Василий Дмитриевич, чуть отстранившись от митрополита, опустился на колени, Киприан, все еще озабоченный тем, как половчее начать поведовати великого князя, восклицал над ним:
— Помилуй нас, Господи, помилуй нас… Милосердия двери отверзи нам…
Василий, повторяя слова молитвы, готовил себя к покаянию, обращался взором к Христу, однако мысль и воображение уносили его прочь, и он вновь и вновь вспоминал недавно пережитое, но еще не осмысленное им.

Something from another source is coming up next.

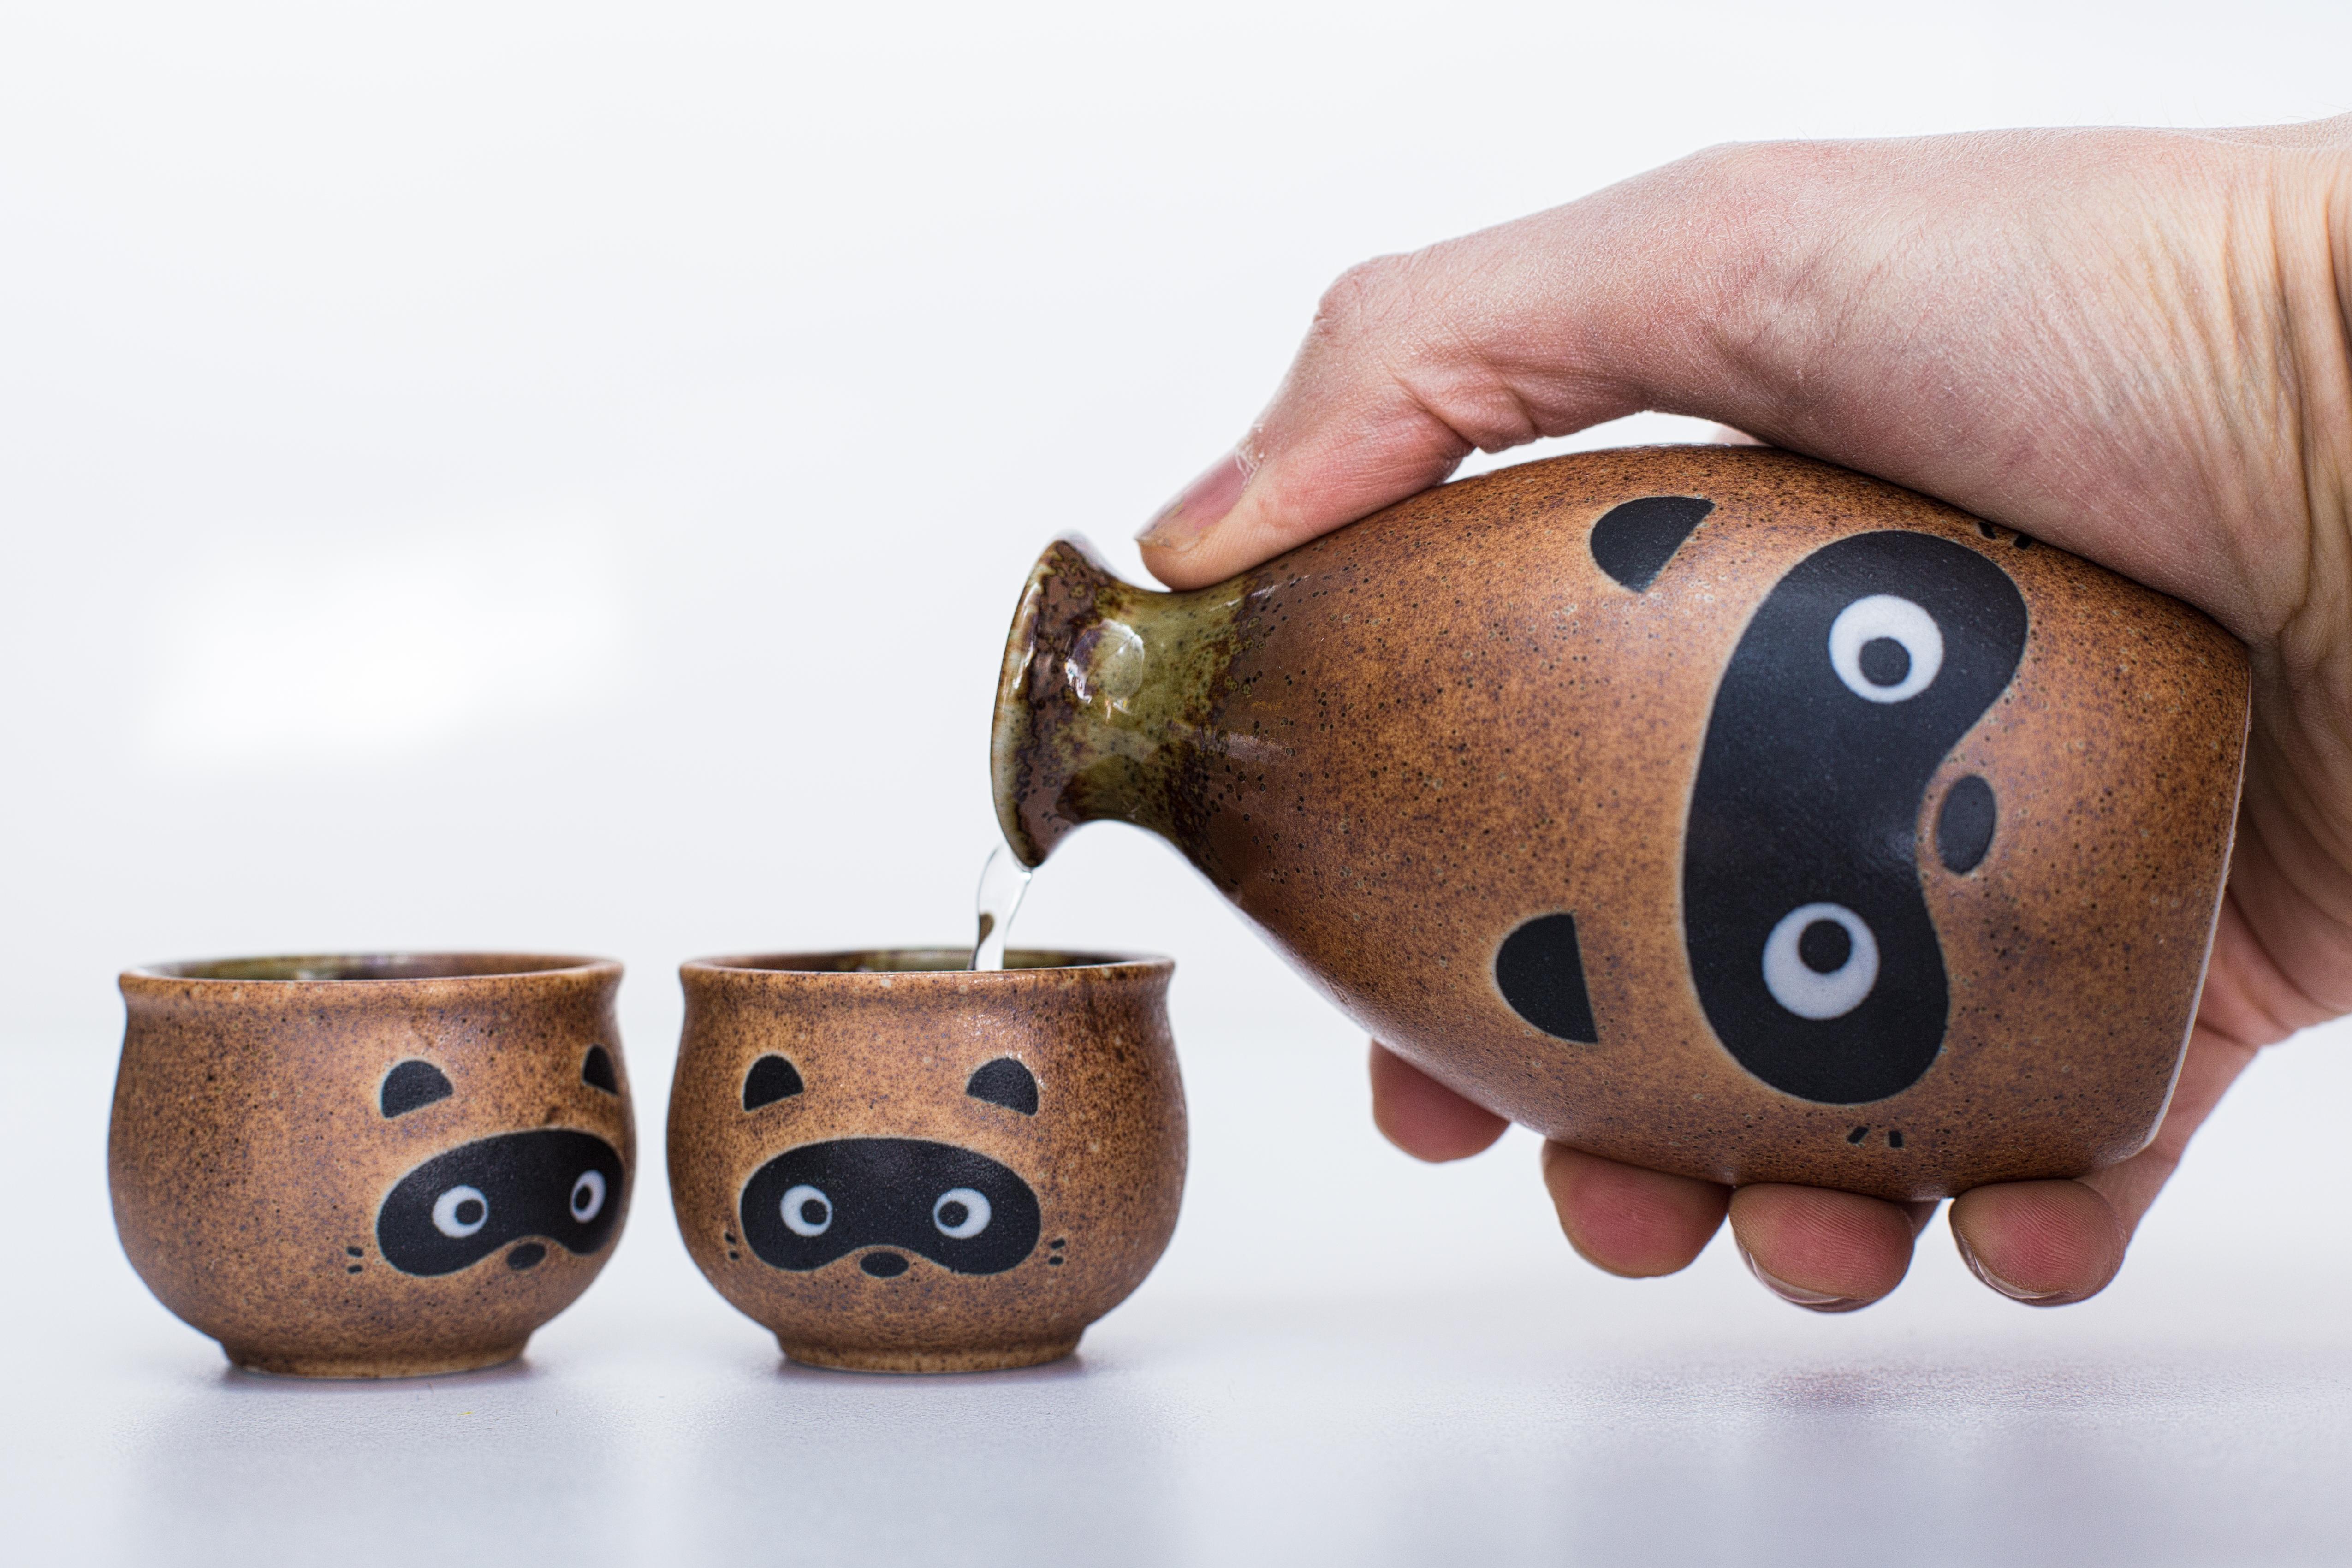 тапети питие халби чаша миещи мечки саке керамика

…Слухачи донесли ему сразу же, в тот же день, что Андрей Рублев, узнав о казнях, сказал: «Будь проклят гнев его, ибо жесток!» Тогда Василий не придал особого значения словам иконописца, но чем дальше во времени отодвигались те дни, тем чаще задавался вопросом: «А смогу ли я снова, если доведется, предать страшной казни семьдесят человек?» И не находил ответа.
Как истинный сын своего времени, как человек, приученный с малых лет к роли государя и самодержца, Василий Дмитриевич знал один закон — свою волю, произвол старшего и сильного. Этим законом определялся весь уклад его жизни и всех людей, его окружавших, как наибольших, так и мизинных; этим законом определялись отношения сильных и слабых, самостоятельных и зависимых, старших и младших, властных и власти не имеющих, а наиболее полным выразителем этого закона служила личность историческая, какой являлся как раз великий князь. Потому-то для него произвол и самоволие были понятиями столь же определяющими и главенствующими, сколь и естественными, не могущими вызывать ни вопросов, ни сомнений… Своя воля личности была основой нравственного закона, который проявляется и в государственной, и в общественной, и в семейной жизни. Все дело в том лишь, сколь много свободы имеет человек, как позволит он себе расходиться, сколь безнаказанно может дать волю необузданной, ничем не сдерживаемой своей силе.
— Сам и раба твоего Василия кающегося, — молитвословил Киприан, а Василий вспоминал рассказ великокняжеского бахаря о том, как Илья Муромец от огорчения, что не позвали его на пир, хотел убить великого князя Владимира с княгиней, в Божью церковь стрелял, целясь в святой крест, а золоченую маковку отдал кабацкой голи на пропив…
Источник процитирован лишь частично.